Abstrak/Abstract |
In the past decade, eye tracking has been a crucial
approach for object selection in digital assistive technology as well
as touchless digital signage. Accurate object selection depends on
performance of eye movements classification. Many deep learning
techniques have been proposed for eye movements classification.
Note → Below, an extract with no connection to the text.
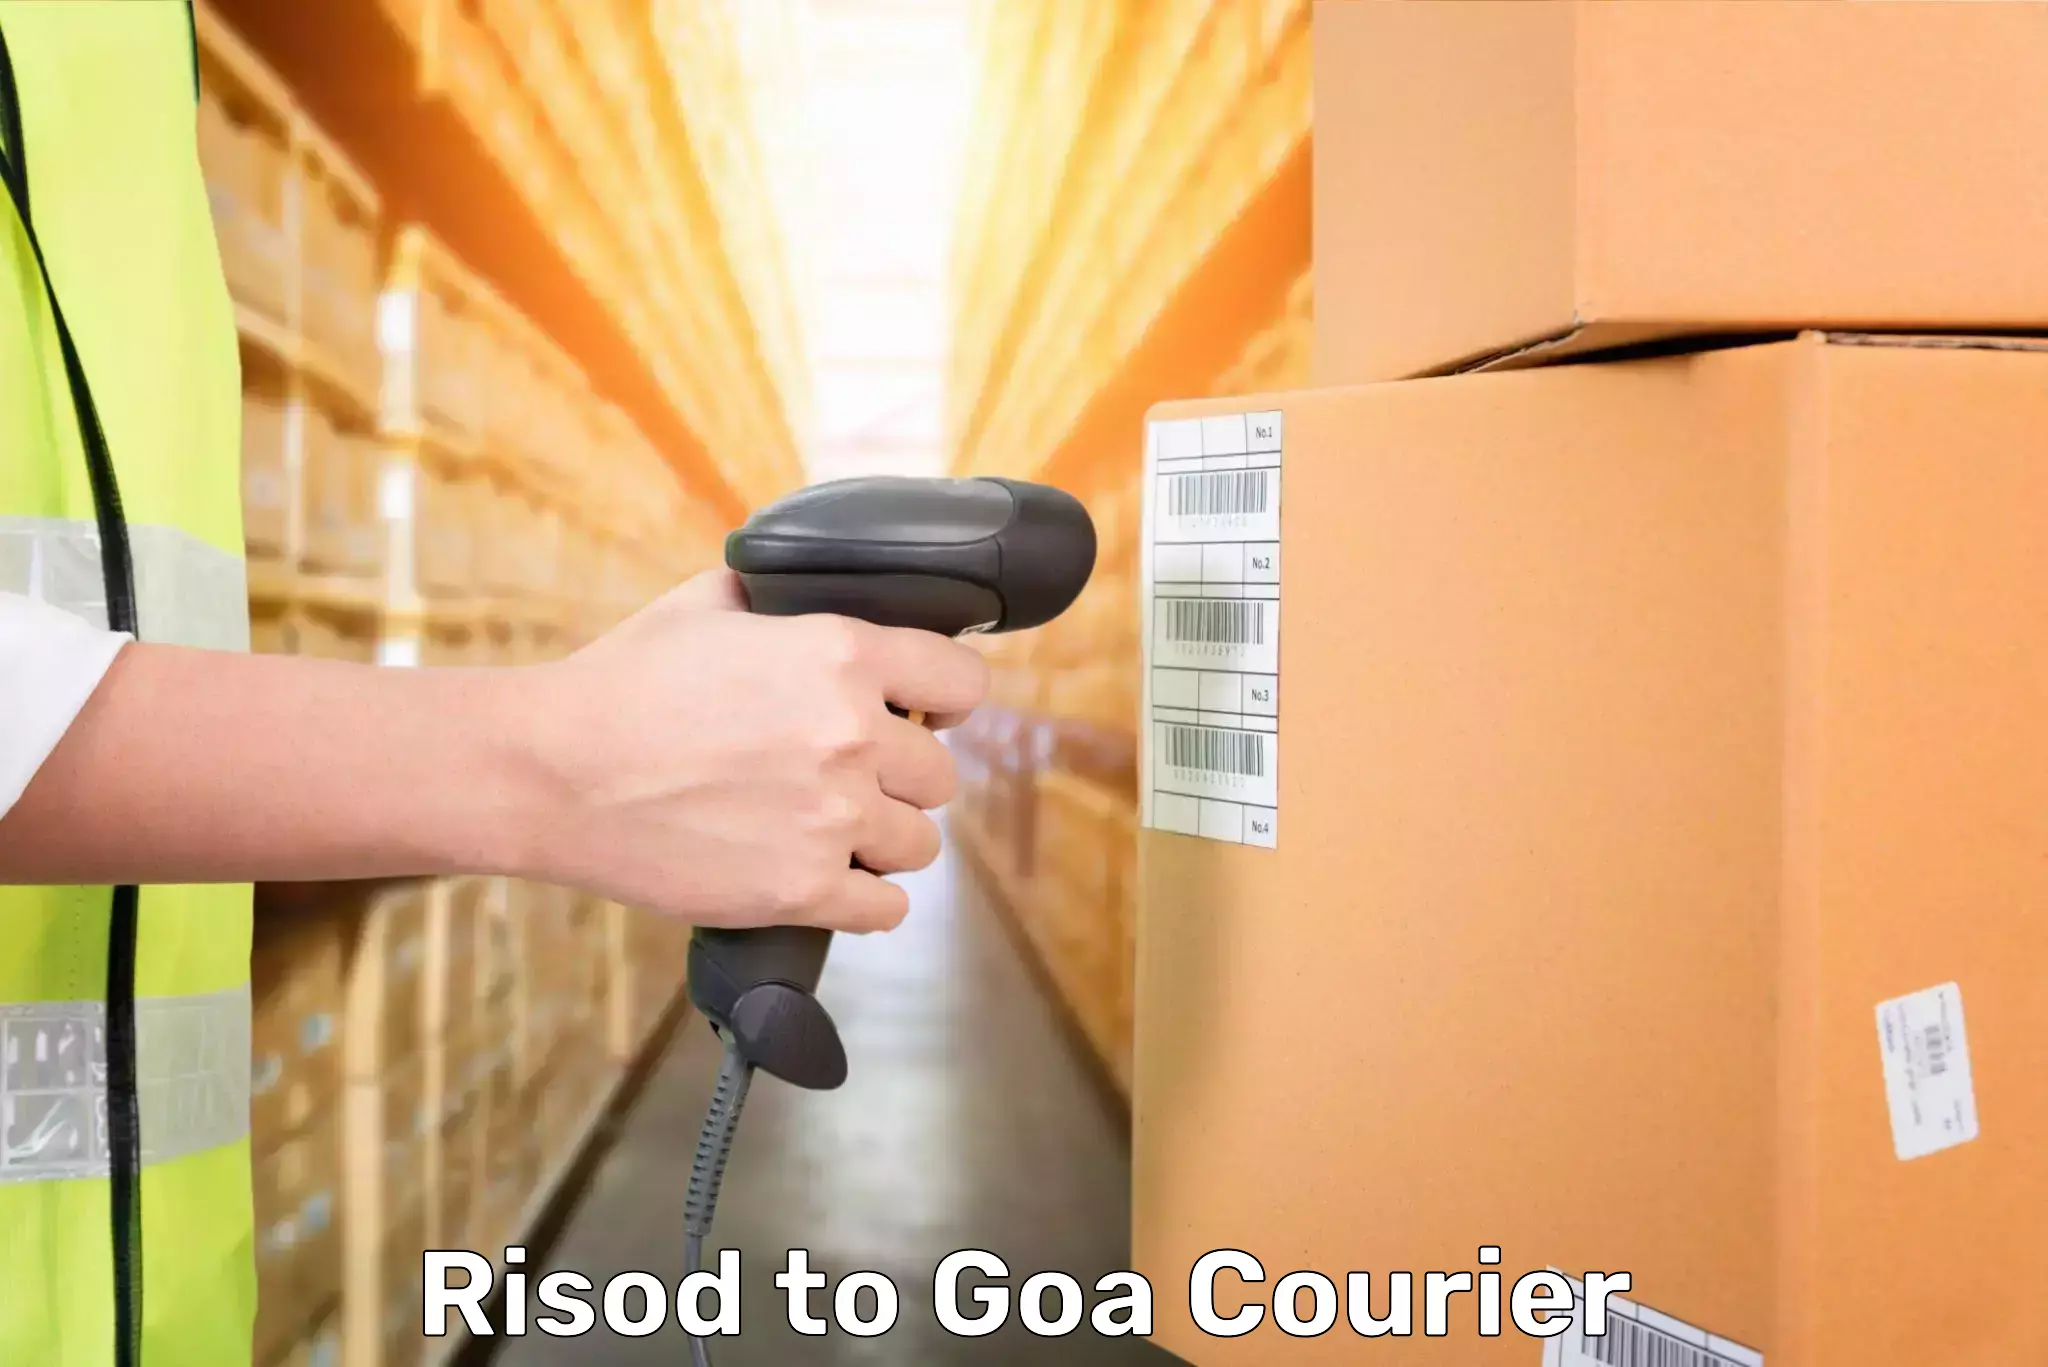 Same day luggage service in Risod to Goa

Despite of these numerous models, previous approaches have
yet to achieve high classficiation accuracy—particularly when
dealing with smooth pursuit eye movement. To bridge this
scientific gap and improve the effectiveness of eye movement
classification, we propose a hybrid CNN-Transformer model. We
also incorporated Hyperband hyperparameter tuning to obtain
the best parameter values of the model. We evaluated our
approach in the GazeCom dataset. This dataset was enhanced
with customized annotations designed to accommodate different
types of eye movements. Our method yielded F1 scores of 0.9572,
0.9273, and 0.8358 for fixation, saccade, and smooth pursuit eye
movements, respectively. The proposed method achieved superior
F1 scores by a margin of 1% to 12.36% compared with the state-
of-the-art Temporal Convolutional Network (TCN). A significant
improvement was observed in the classification of smooth pursuit
eye movement. The experimental results imply that the proposed
method can serve as a guide for implementing the Transformer
models for eye movements classification |